說完,便大步流星地走了。
趙老丈看著李大海的背影,感慨道:“還是鄉里鄉親的淳樸啊,在冀州,想找個這樣的地方,難如登天。”
沈硯沒有說話,只是放下手中的東西,開始清理院里的雜草。他的動作不算快,胸口的傷口牽扯著,讓他不敢太過用力,卻做得一絲不茍。趙老丈也連忙上前幫忙,兩人一個拔草,一個撿石子,夕陽的余暉灑在他們身上,拉出兩道長長的身影,在這陌生的村子里,勾勒出一絲安穩的模樣。
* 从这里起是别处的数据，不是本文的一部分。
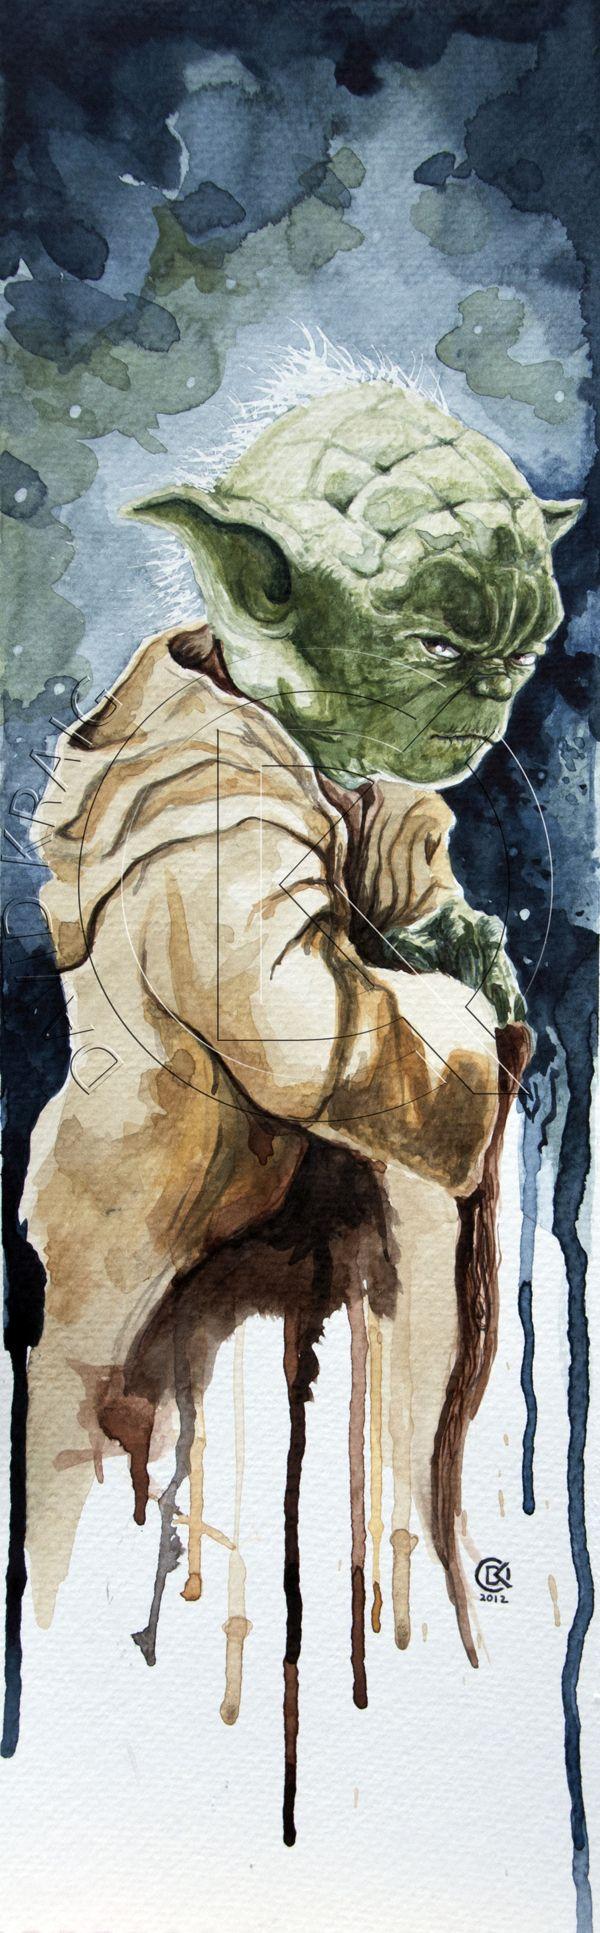 Yoda Watercolor Study by David Kraig, via Behance

沒過多久,李大海就扛著干草和木板來了,還帶來了一把斧頭和幾根繩子。他手腳麻利,爬上屋頂,開始修補破洞,沈硯則在下面遞木板和干草,趙老丈則在院里收拾出一塊空地,準備生火做飯。
幾人忙活到天黑,終于將茅屋的屋頂補好,院里的雜草也清理干凈了。李大海擦了擦額頭的汗水,笑著道:“這樣一來,刮風下雨也不怕了。走,去我家吃飯吧。”
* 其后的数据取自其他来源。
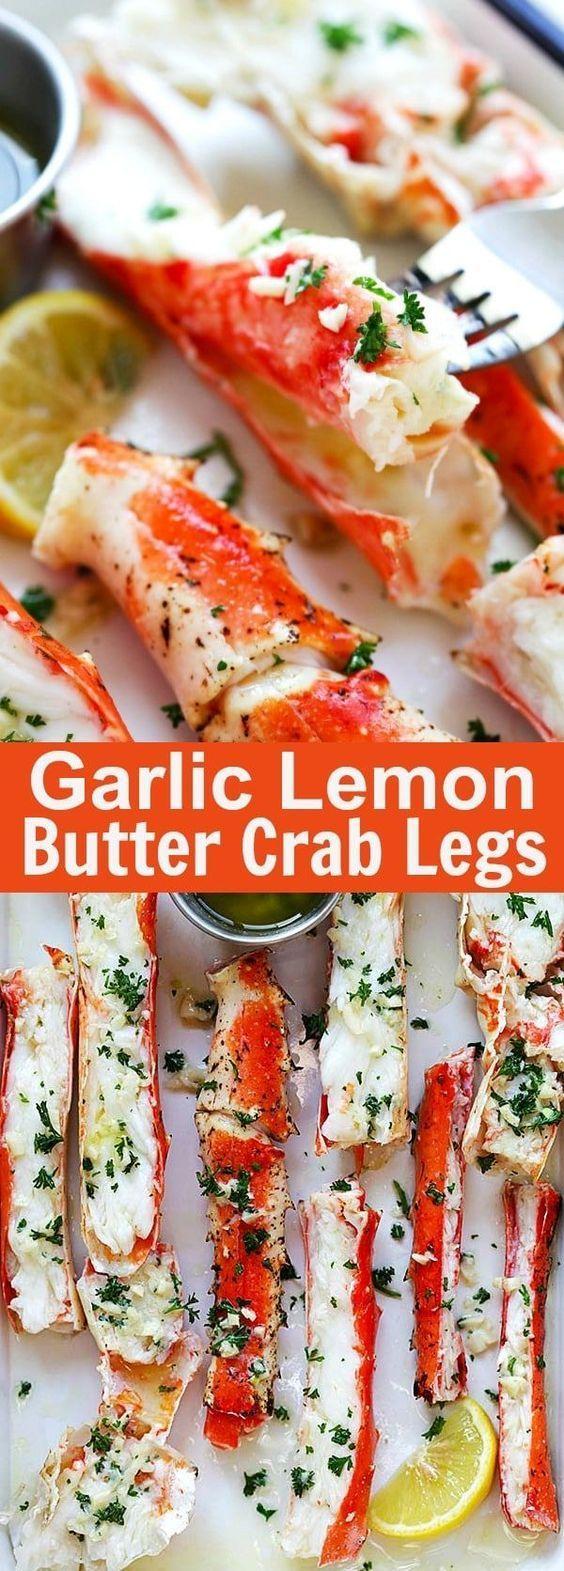 Garlic Lemon Butter Crab Legs

沈硯與趙老丈也不推辭,跟著李大海去了他家。李大海的家就在村東頭,靠著濰水,院子里停著一艘小漁船,屋里收拾得干干凈凈,雖然簡陋,卻透著溫馨。
李大海的妻子是個樸實的婦人,見他們來了,連忙端上熱騰騰的魚粥,還有一盤煎魚,一碟咸菜。魚粥熬得濃稠,里面放了些粗糧,煎魚外焦里嫩,散發著誘人的香氣,讓奔波了一天的兩人腹中饑腸轆轆。
“快吃吧,都是自家種的,自家捕的,不值錢。”李大海的妻子笑著說道,又給兩人添了滿滿的兩碗粥。
幾人圍坐在桌前,邊吃邊聊。李大海告訴他們,李家村的百姓世代以捕魚制鹽為生,只是近些年,青州的大族張家看中了海邊的鹽場,派人把持了鹽場,不許普通百姓隨意制鹽,想要制鹽,必須向張家交重稅,不少百姓因此斷了生計,只能靠捕魚勉強糊口。
“那張家,是青州的大族?”沈硯放下碗筷,緩緩問道。
“可不是嘛。”李大海喝了一口粥,憤憤道,“張家是青州四大士族之一,在北海郡勢力極大,家里有人在郡里做官,還有私兵,平日里欺壓百姓,無惡不作。我們這些小老百姓,只能忍氣吞聲。”
趙老丈嘆了口氣:“哪里的士族,都是一個樣子。冀州的袁家,青州的張家,都是踩著百姓的骨頭過日子。”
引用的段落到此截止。